The tech billionaire is no stranger to inserting himself into geo-political narratives, even gracing Ireland with his online presence when he took to X to say that Taoiseach Leo Varadkar must “hate the Irish people” in the wake of the riots in Dublin.

Musk’s intervention was so absurd it even had opposition parties defend Varadkar, with TD David Cullinane accusing Musk of “inciting hatred and violence among certain people”.
Whatever little credibility Musk may have had as a commentator on Irish societal issues was lost with his subsequent assertion that having Conor McGregor run for public office was “not a bad idea”.
While Musk’s musings do not represent anything other than him exercising free speech, that the owner of one of the world’s most powerful social media companies is so casually capable of interfering on issues of such domestic importance is another grave cause for concern when considering the soft and hard power such platforms have on the micro- and macro- aspects of our lives. Facebook and Meta employ more than 2,000 people in Ireland.
Google employs more than 5,000 people. To suggest these numbers do not restrict our Government’s ability to criticise them is to be naive. Musk is absurd enough of a character to stand up to and risk little in doing so. Mark Zuckerberg and Google chief executive Sundar Pichai, however, are much too smart to engage in such juvenile antics, which makes them more difficult to be critical of.
The spreading of misinformation to affect political outcomes is certainly nothing new. Under the nickname Lord Haw Haw, William Joyce (raised and buried, incidentally, in Galway), was recruited by Joseph Goebbels’ Reich Ministry of Propaganda and given his own radio show, Germany Calling.
Goebbels needed foreign fascists to spread Nazi propaganda to Allied countries, especially Britain and America, and Joyce was the ideal candidate. At the war’s conclusion he found himself at the end of a hangman’s rope, convicted of high treason.

The major difference between this and then, however, is what Joyce achieved in six years of broadcasts during the Second World War, could be achieved during just a series of social media posts, today.
See also the January 6 Storming of the Capital. Why have a slow burn when you can set alight a prepared bonfire? There is another insidious element to social media and the curation of content that must undoubtedly be having a negative effect on all of us, and that is exposure to distressing content.

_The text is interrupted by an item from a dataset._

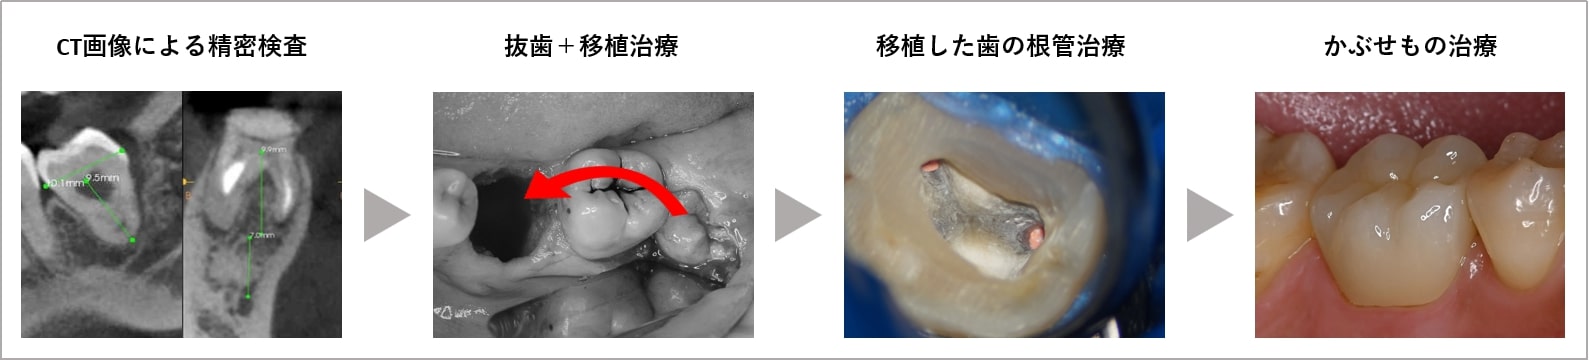 歯の移植治療の流れ

This was a problem long before the horrors of the conflict in Gaza were beamed straight to our phones, but our reluctant submission to such gruesome visuals (undoubtedly driven by a desire to understand what is happening) must be taking its toll.

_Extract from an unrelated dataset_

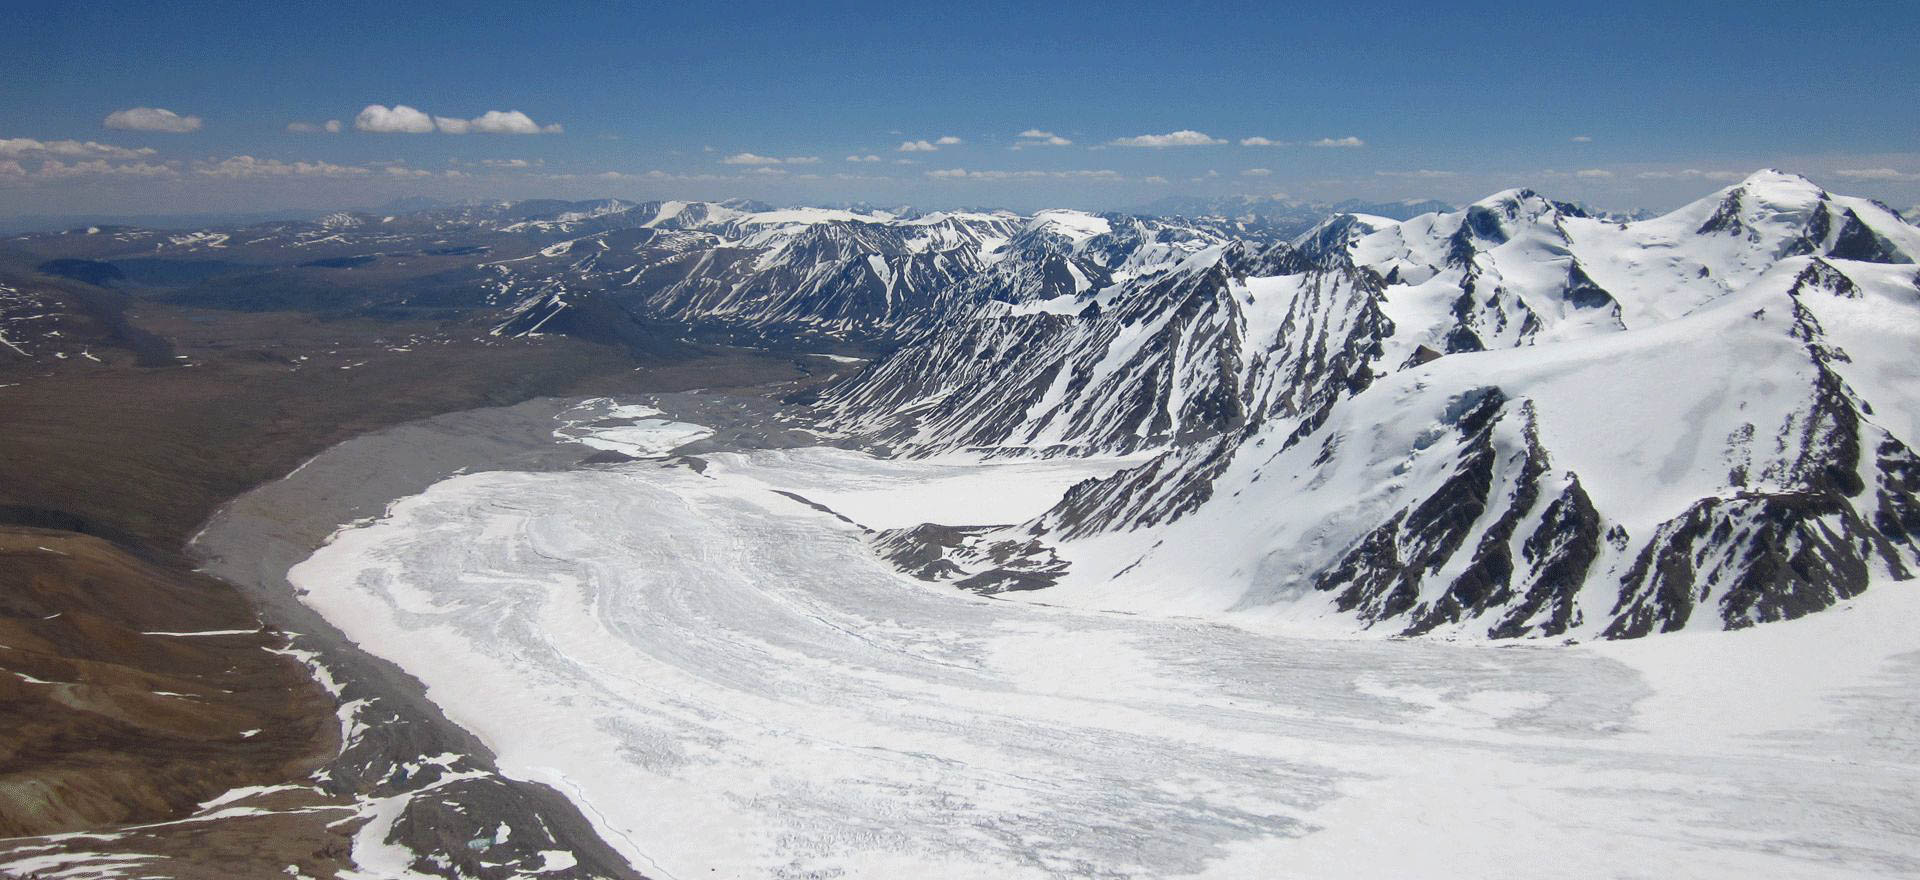 Glacier in the Altai Mountains - Mongolia tours

I am anecdotally aware of friends working for media organisations who suddenly find themselves as unqualified content moderators, charged with sifting through the never-ending morass of distressing material in vain attempt to verify what is real, and what is not.

Considering how distressed one exposure of this makes me a day, I dread to think of how detrimental this is for anyone to do as part of their job.
Where would those same people be (the stranded citizens of besieged Gaza) without their phones, and their ability to upload evidence of otherwise ignored potential war crimes? To tweet cries for help from under the rubble. To post videos of incoming rockets and slain children, if only to catch and hold our attention?
The bottom line regarding social media is algorithms are not neutral. They encode political choices, influencing the information seen by us all, the users.
When we open our social media account, we are met by algorithm-filtered and recommended content, based on prior activities and interactions on the platform.
Yes, it enables greater free speech and can inspire overdue revolution, but it also fertilises the dark recesses of our souls where dormant demons lie.
The more we enslave ourselves to it, the more susceptible we are to its corruption.